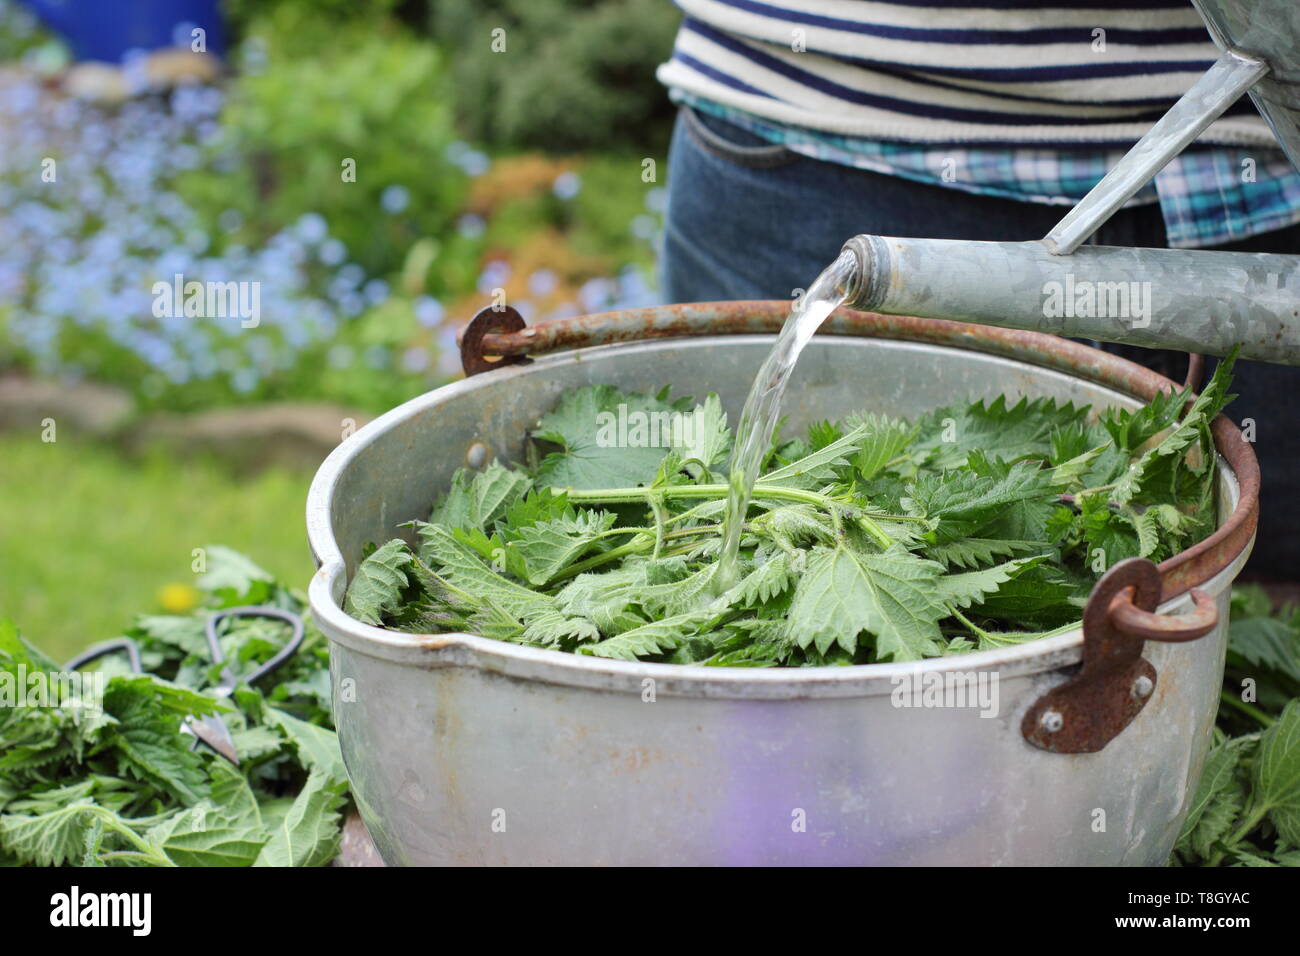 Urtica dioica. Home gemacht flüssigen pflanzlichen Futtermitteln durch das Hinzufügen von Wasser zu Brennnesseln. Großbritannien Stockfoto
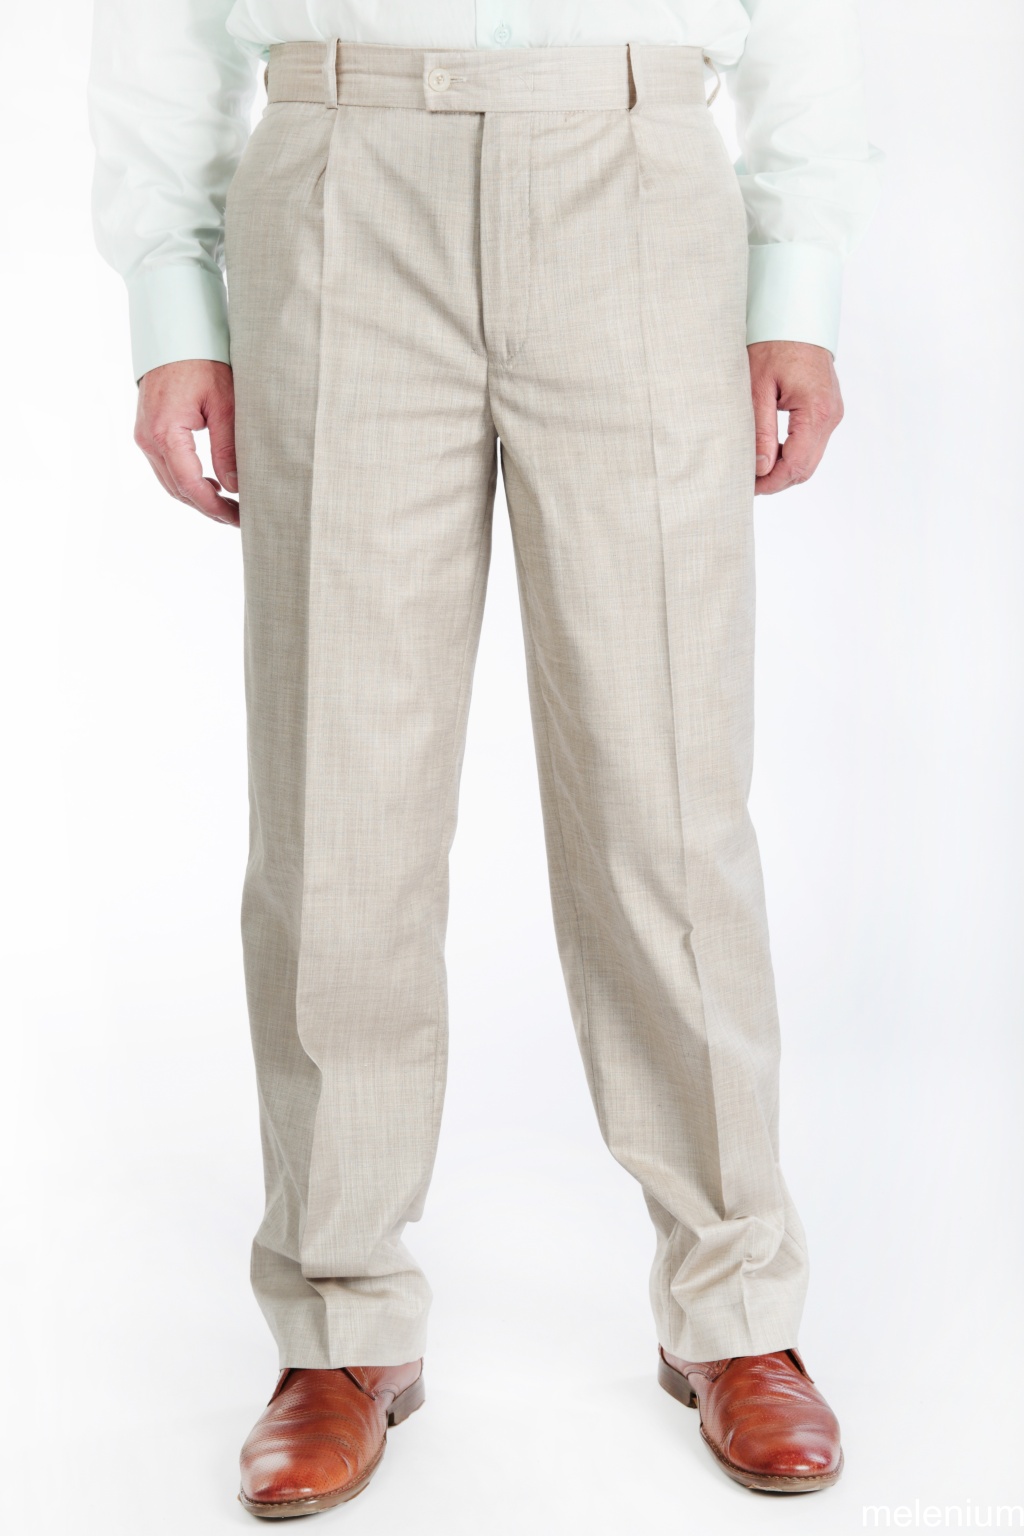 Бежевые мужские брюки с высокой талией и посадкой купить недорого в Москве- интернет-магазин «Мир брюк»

...

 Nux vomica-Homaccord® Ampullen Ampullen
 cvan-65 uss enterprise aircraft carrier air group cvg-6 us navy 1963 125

**WORK TASK:**
The reply should hold the entries above from the line with "Urtica dioica. Home" to the line with "Бежевые мужские брюки", duplicated exactly, pictures excluded.

**ANSWER TO THIS TASK:**
 Urtica dioica. Home gemacht flüssigen pflanzlichen Futtermitteln durch das Hinzufügen von Wasser zu Brennnesseln. Großbritannien Stockfoto
 Бежевые мужские брюки с высокой талией и посадкой купить недорого в Москве- интернет-магазин «Мир брюк»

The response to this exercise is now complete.